The Bulk Extractor Viewer (BEviewer) is a graphical interface for bulk_extractor, "a C++ program that scans a disk image, a file, or a directory of files and extracts useful information without parsing the file system or file system structures. The results can be easily inspected, parsed, or processed with automated tools. bulk_extractor also creates a histogram of features that it finds, as features that are more common tend to be more important."[1]

While originally intended for law enforcement, bulk_extractor can be used by digital archivists to quickly and thoroughly examine a disk image for a wide variety of information. The most common use for such analysis is locating personally identifiable information (PII) that a donor may want redacted before his or her materials are made publicly available, but bulk_extractor can locate other types of potentially sensitive information as well.

The instructions below take you through the process of running bulk_extractor via the Bulk Extractor Viewer utility, a GUI interface for running bulk_extractor and viewing the results. Archivists can view the results through the GUI and also further process them using the digital forensics tools in the BitCurator environment.

Step-by-step guide

Using bulk_extractor to Find Potentially Sensitive Information on a Disk Image

  1. The first step is to create a working directory to hold the bulk_extractor data. To do this, open Nautilus by double clicking on the "Home" folder on your desktop. Then right click anywhere on the white background (i.e., not on an existing folder), and click "Create New Folder" from the pull-down menu. You can name the directory as you see fit, but for this example we'll name the directory "test_data".

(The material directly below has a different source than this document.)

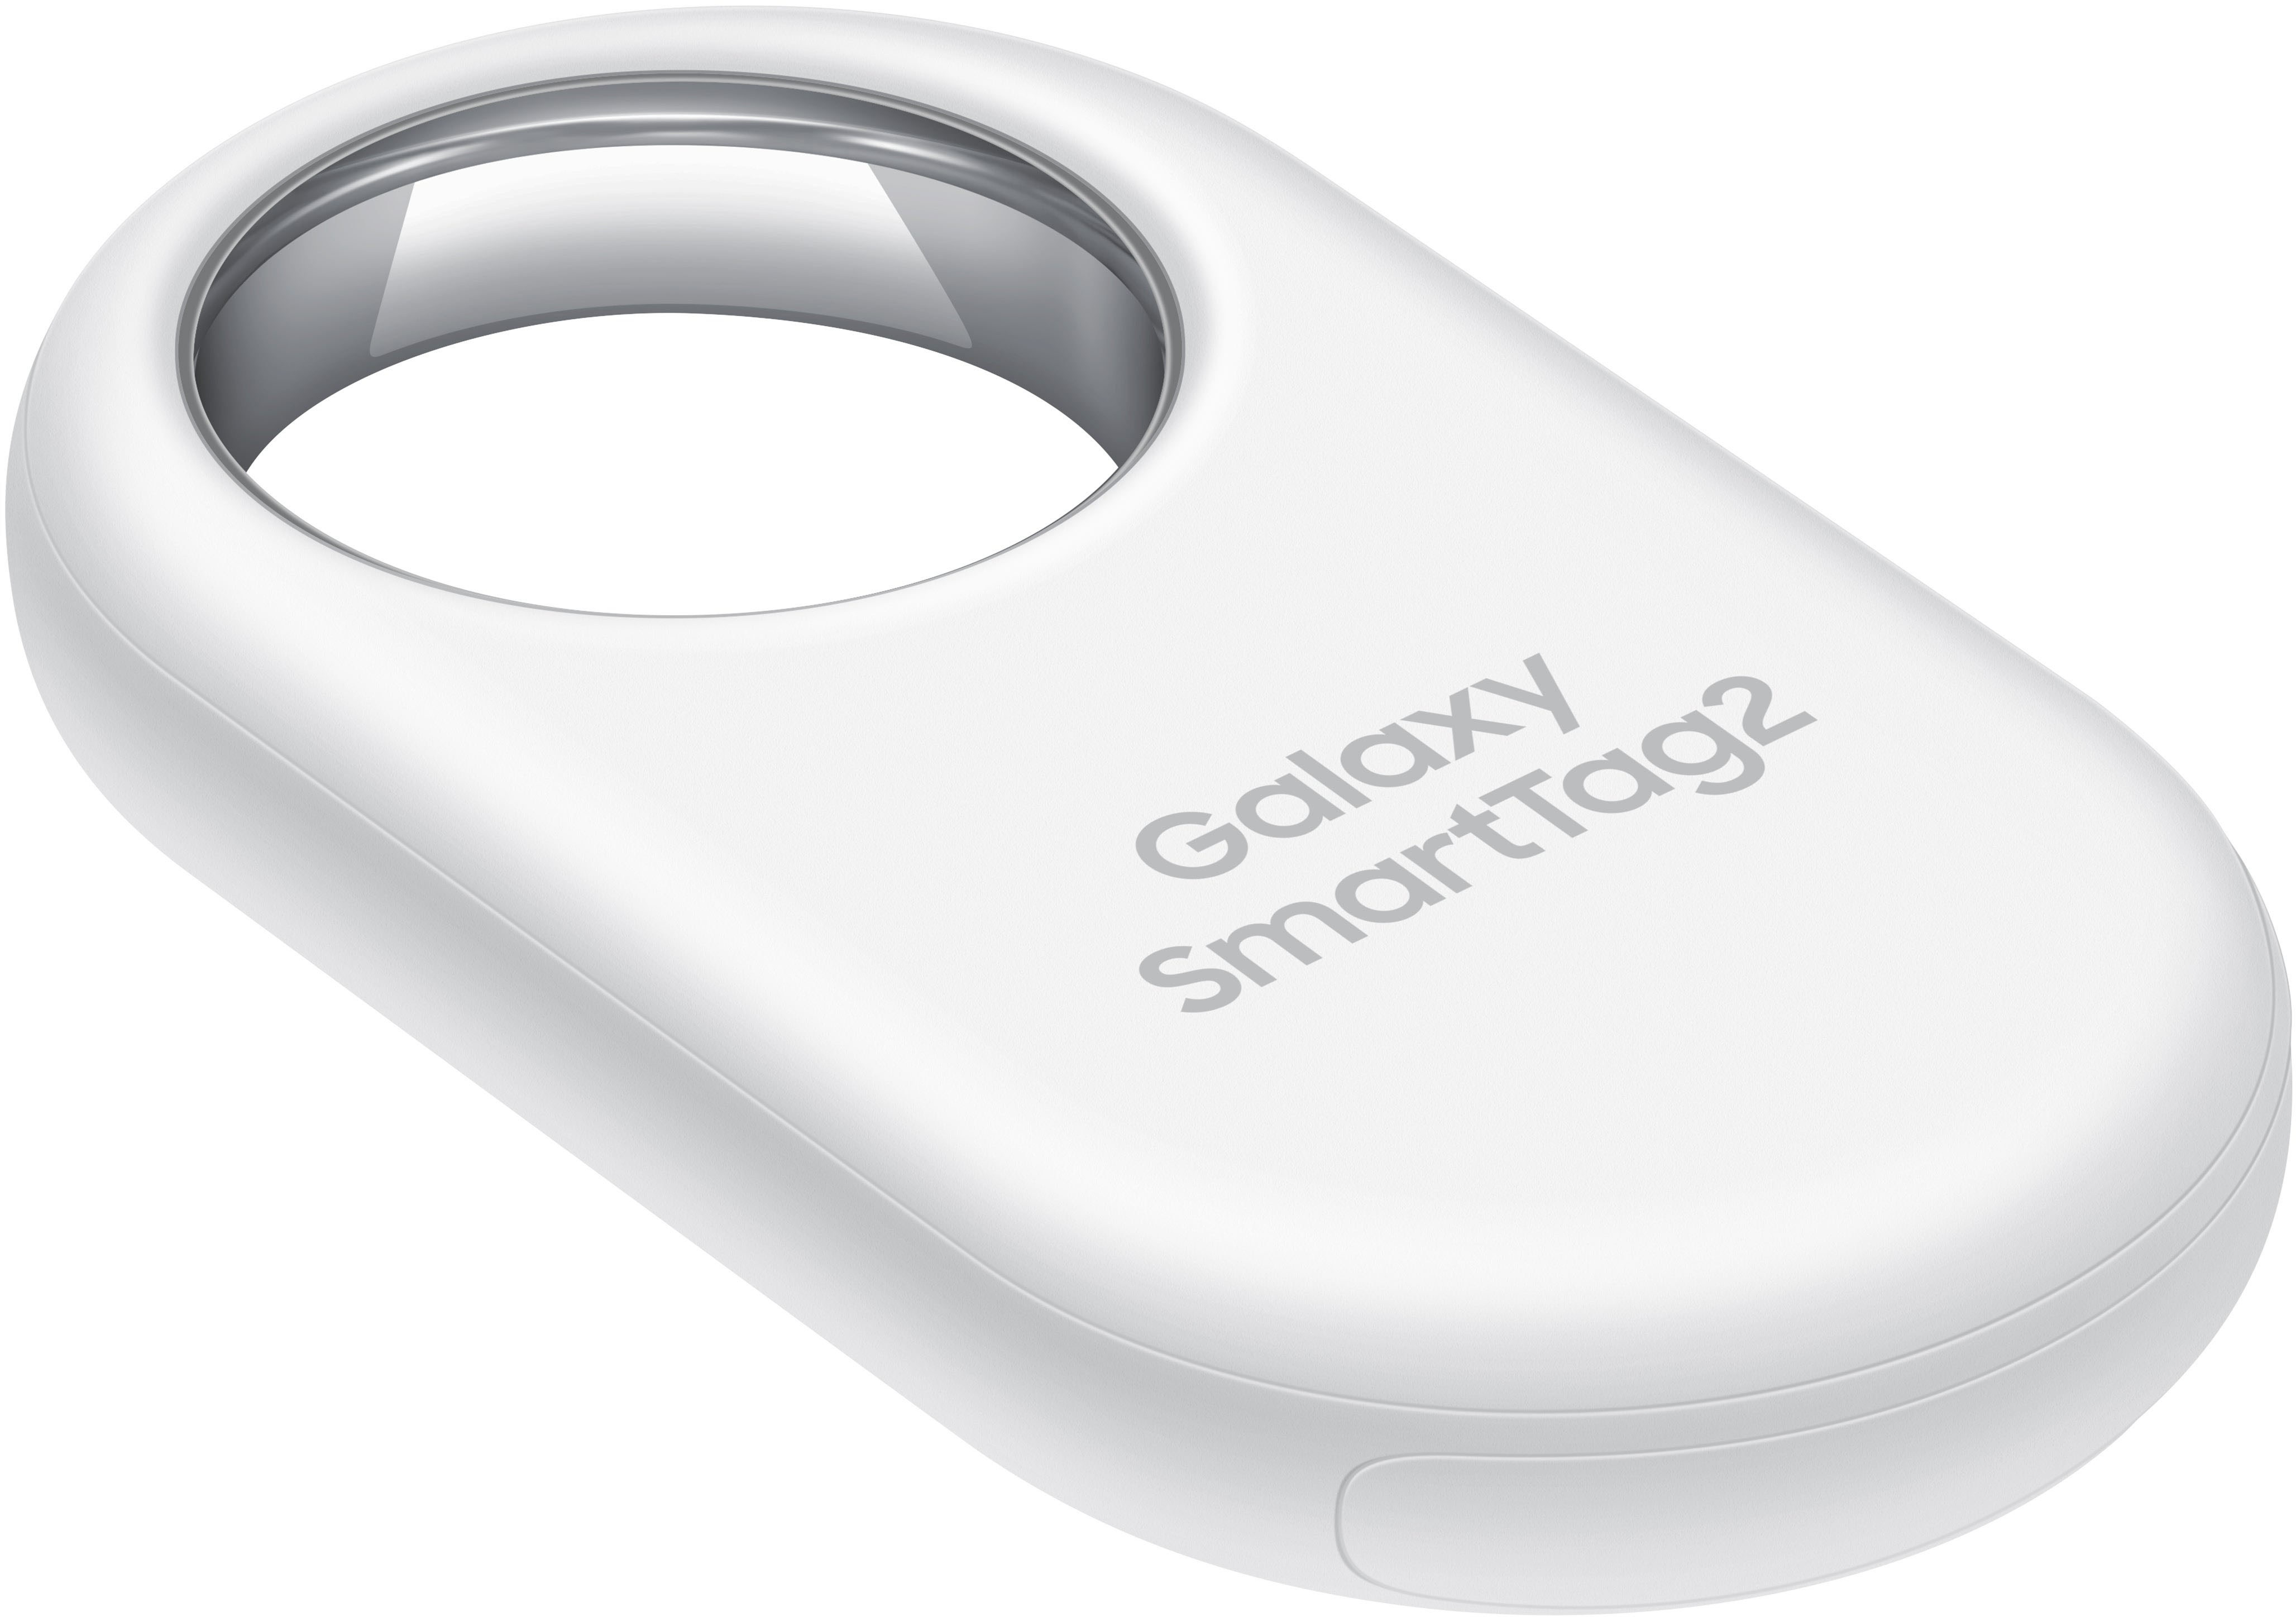 Samsung Galaxy SmartTag2 Black EI-T5600BBEGUS - Best Buy

  2. Next open the Bulk Extractor Viewer utility by double clicking on the "Forensics Tools" folder on your desktop, and then double clicking on "Bulk Extractor Viewer".

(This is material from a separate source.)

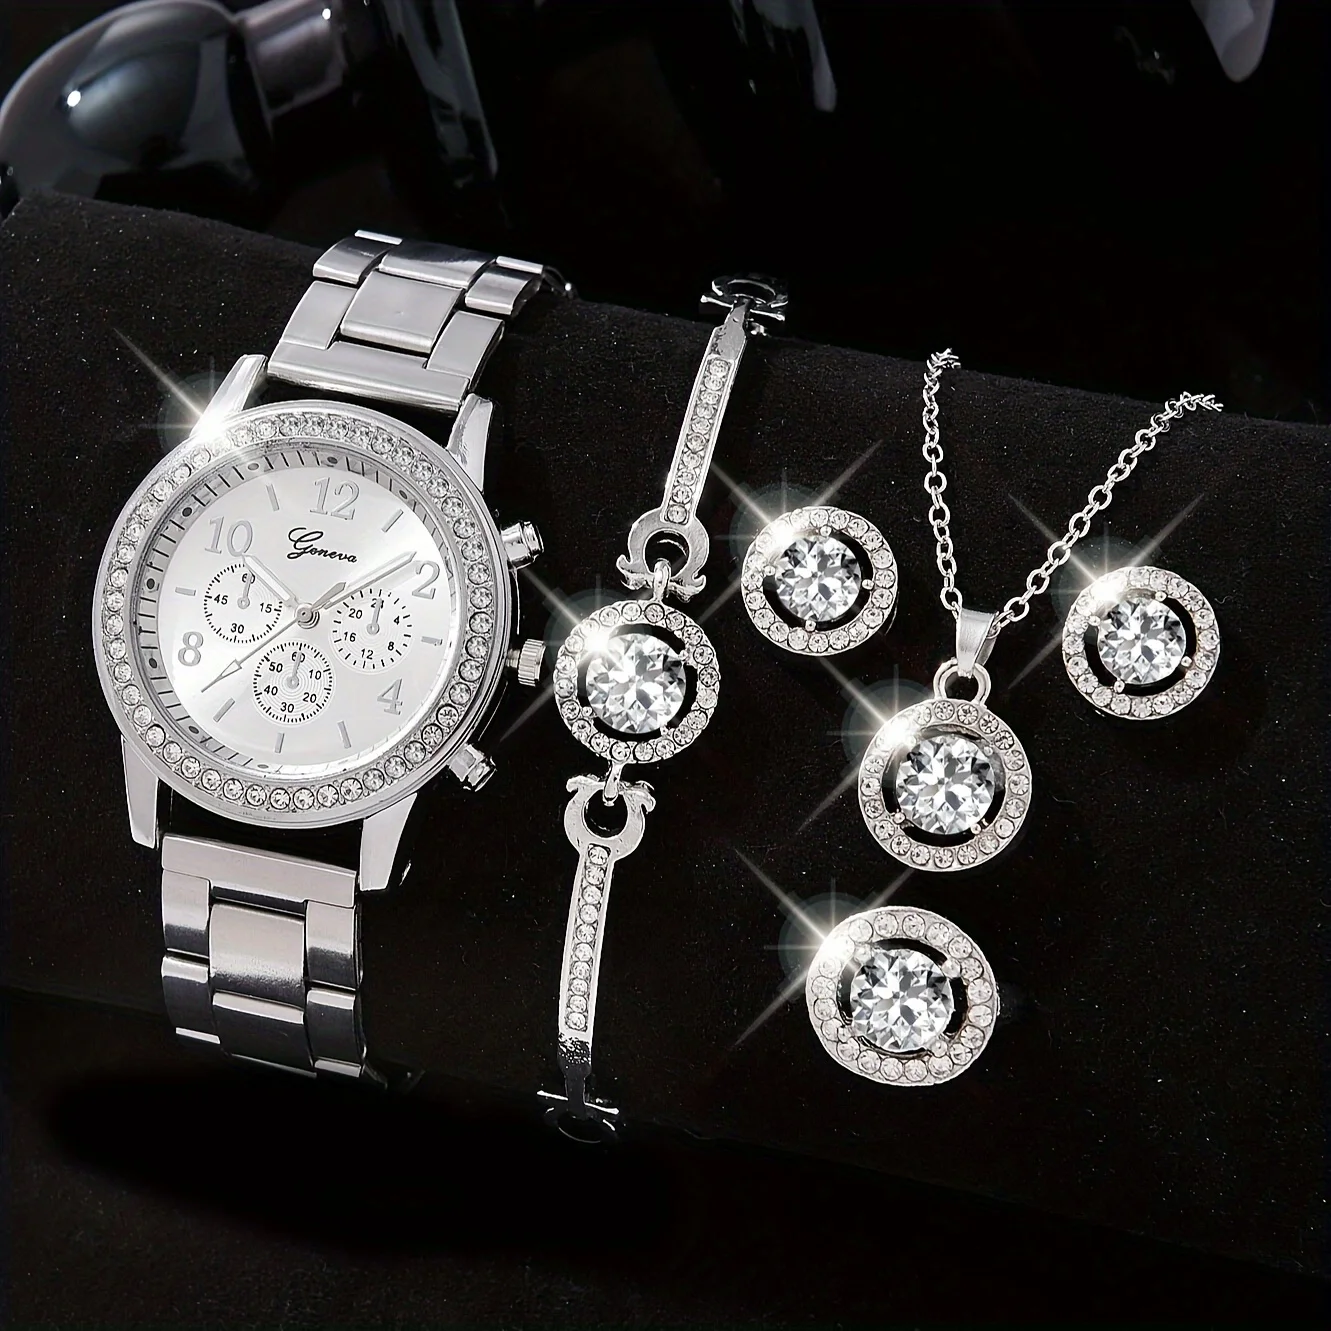 

6pcs/set Women's Watch Luxury Rhinestone Quartz Watch Shiny Fashion Analog Wrist Watch & Jewelry Set, Gift For Mom Her

  3. After Bulk Extractor Viewer opens, click on the gear icon with the down arrow to begin generating a report using bulk_extractor (see Figure 1).

    Figure 1: Click the gear icon to begin the bulk_extractor process.

  4. Clicking on the Generate a Report icon will open the "Run bulk_extractor" window. From this window you can specify the image you would like to analyze, the location of the output directory, and further refine the types of data objects bulk_extractor will search for.To begin your analysis, first select the type of media you want to scan, which in our case is a disk image, so we'll select the "image file" radial button (see Figure 2)

  5. Next, type or navigate to the location of the disk image in the "Image file" field (see Figure 2).

    Figure 2: The "Run bulk_extractor" window.

  6. Enter the name of the directory you wish to create for holding the Bulk Extractor output; Bulk Extractor Viewer will create this directory for you. For example, if you wanted to save the bulk_extractor output to a directory named "be_reports" in your working directory, you would enter "/home/bcadmin/[name of working directory]/be_reports" in the Output Feature Directory field. If the directory be_reports doesn't already exist, BE Viewer will create it for you.

  7. Optional: If desired, you may check or uncheck the scanner options from the list on the right (see Figure 3). You can refine your analysis of the disk image by choosing which "scanners" bulk_extractor employs. "Scanners" in bulk_extractor are modular sets of rules that allow bulk_extractor to find specific types of information on a disk image. For example, if you have the "accts" scanner selected, bulk_extractor will find objects (which it calls "features") such as credit card numbers, social security numbers, phone numbers, etc. A chart defining the various scanners, how they may be useful to you, and where they output their results can be found here.

    Figure 3: Scanner options in the Bulk Extractor Viewer.

    Note: Because bulk_extractor generates a large number of files, it requires a new directory for the output. Bulk_extractor will create the new directory. If you navigate to the output directory instead of type it in, a window will open asking you for the path to the new directory along with its name. In our example, the output directory would be "/home/bcadmin/test_data/" and the new directory to be created by bulk_extractor would be called "be_data" (see Figure 4).

    Figure 4: The "Name the output folder for bulk_extractor.

  8. Finally, click the "Start bulk_extractor" button at the bottom of the screen to begin the scan.

  9. Once bulk_extractor has finished analyzing the disk image, you can view the output by selecting the new report in the "Reports" window of Bulk Extractor Viewer. The report will be named after the Features Output Directory you created in step 6, so in our example we will see "be_report" (see Figure 5). Once you select the report, you will see a listing of each scanner for which a feature was found by bulk_extractor. Selecting a specific scanner or its histogram will cause the features to be listed in the window to the right. Selecting a specific feature will show the file in which it is located to be displayed in the "Image" window.

    Figure 5: View the bulk_extractor report.